Given a 0-indexed integer array nums of size n, find the maximum difference between nums[i] and nums[j] (i.e., nums[j] - nums[i]), such that 0 <= i < j < n and nums[i] < nums[j].

Return the maximum difference. If no such i and j exists, return -1.

Example 1:

Input: nums = [7,1,5,4]
Output: 4
Explanation:
The maximum difference occurs with i = 1 and j = 2, nums[j] - nums[i] = 5 - 1 = 4.
Note that with i = 1 and j = 0, the difference nums[j] - nums[i] = 7 - 1 = 6, but i > j, so it is not valid.

Example 2:

Input: nums = [9,4,3,2]
Output: -1
Explanation:
There is no i and j such that i < j and nums[i] < nums[j].

Example 3:

Input: nums = [1,5,2,10]
Output: 9
Explanation:
The maximum difference occurs with i = 0 and j = 3, nums[j] - nums[i] = 10 - 1 = 9.

Note:

• n == nums.length
• 2 <= n <= 1000
• 1 <= nums[i] <= 10^9

解析

根据题意，给出了一个从 0 开始索引长度为 n 的列表 nums ，找出 nums[j] - nums[i] 的最大的差值，且 0 <= i < j < n ，且 nums[i] < nums[j] 。
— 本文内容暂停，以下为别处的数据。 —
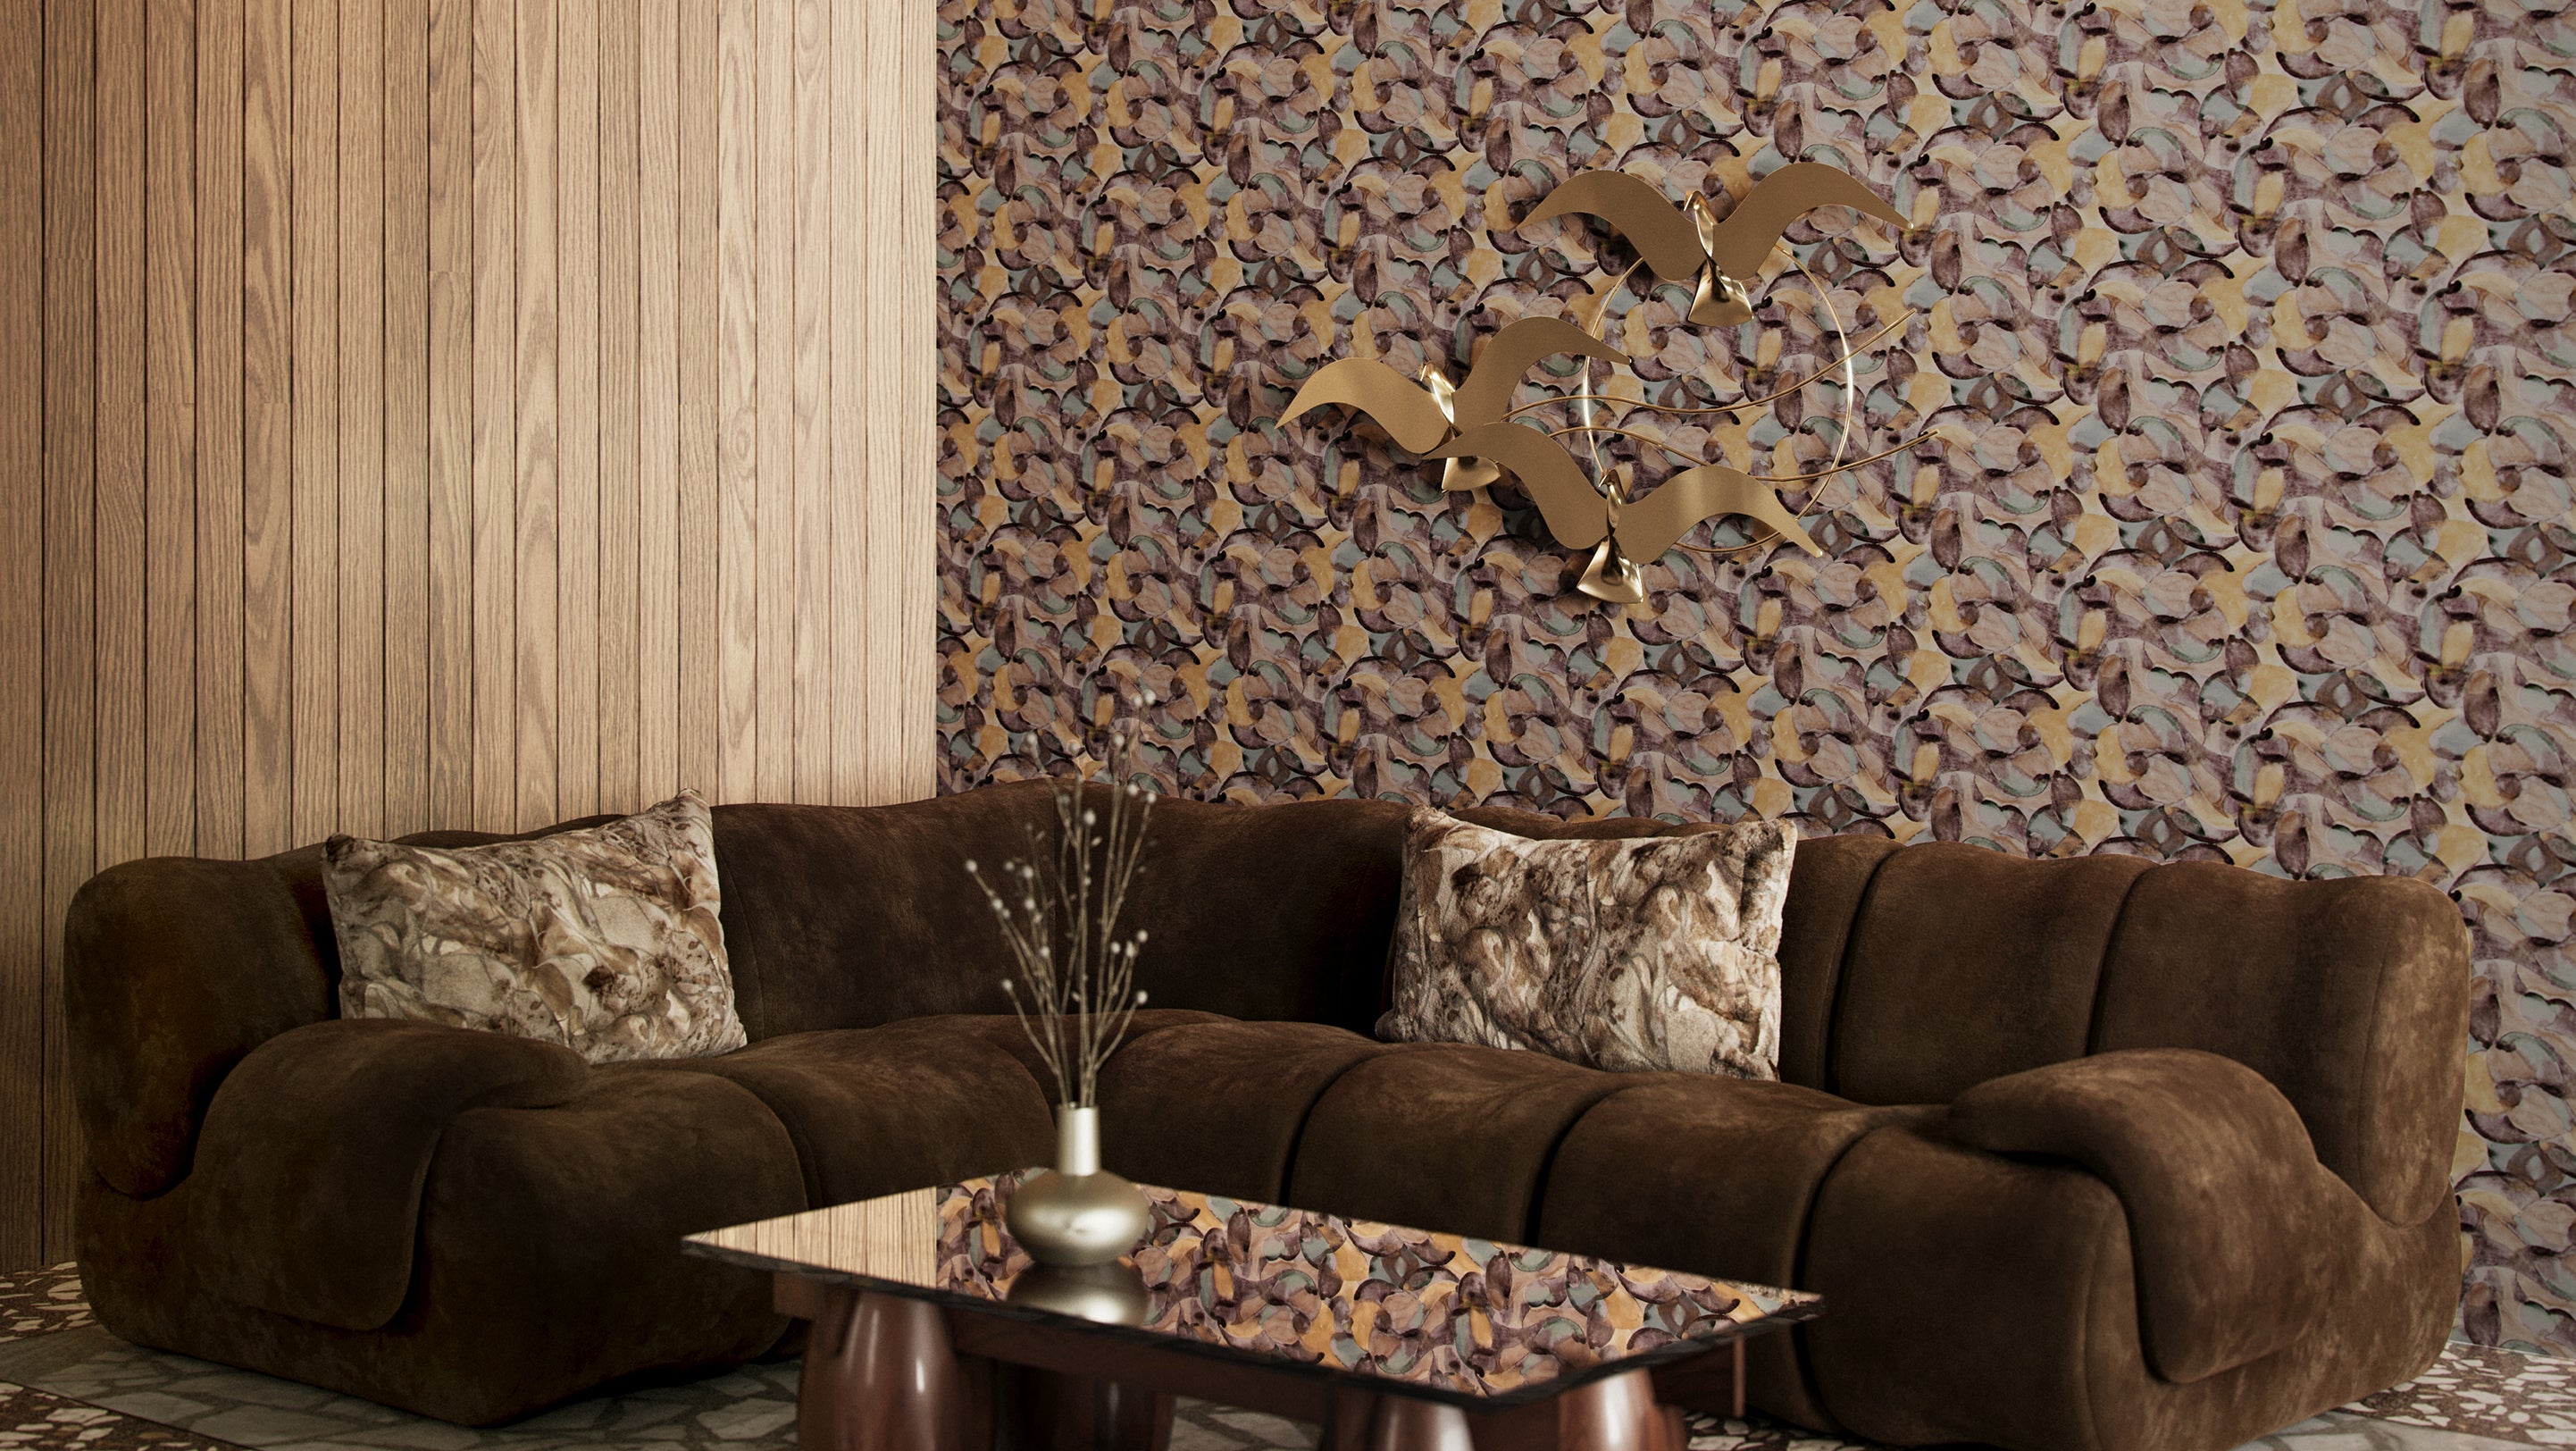 A couch, coffee table, and wall decor in a room with the orbs wallpaper in pebble.

如果存在最大差值就返回，否则返回 -1 。

最简单的方法就是暴力双重循环：

• 初始化结果 result 为 -1
• 遍历 range(len(nums)-1) 中的每个元素 i ，再遍历 range(i+1, len(nums)) 中的每个元素 j ，如果 nums[j] <= nums[i] 则继续进行下一循环，否则用 result 记录 nums[j]-nums[i] 的最大值
• 遍历结束返回 result

解答

class Solution(object):
    def maximumDifference(self, nums):
        """
        :type nums: List[int]
        :rtype: int
        """
        result = -1 
        for i in range(len(nums)-1):
            for j in range(i+1, len(nums)):
                if nums[j] <= nums[i]:
                    continue
                result = max( result , nums[j]- nums[i])
        return result

        	      
		

运行结果

Runtime: 316 ms, faster than 16.50% of Python online submissions for Maximum Difference Between Increasing Elements.
Memory Usage: 13.6 MB, less than 20.57% of Python online submissions for Maximum Difference Between Increasing Elements.

解析

也可以遍历一次就找到最大的差值，，思路：

• 初始化结果 result 为 -1 ，minNum 为 nums[0] 表示当前的最小值
• 从第二个元素开始，左到右每遍历到一个元素，如果 nums[i] 大于当前最小值 minNum ，就执行 max(result, nums[i]-minNum) 更新 result ，然后执行 min(minNum, nums[i]) 更新当前的最小值 minNum
• 遍历结束返回 result 即可

解答

class Solution(object):
    def maximumDifference(self, nums):
        """
        :type nums: List[int]
        :rtype: int
        """
        result = -1 
        minNum = nums[0]
        for i in range(1, len(nums)):
            if nums[i]>minNum:
                result = max(result, nums[i]-minNum)
            minNum = min(minNum, nums[i])
        return result

运行结果

Runtime: 36 ms, faster than 60.29% of Python online submissions for Maximum Difference Between Increasing Elements.
Memory Usage: 13.6 MB, less than 20.57% of Python online submissions for Maximum Difference Between Increasing Elements.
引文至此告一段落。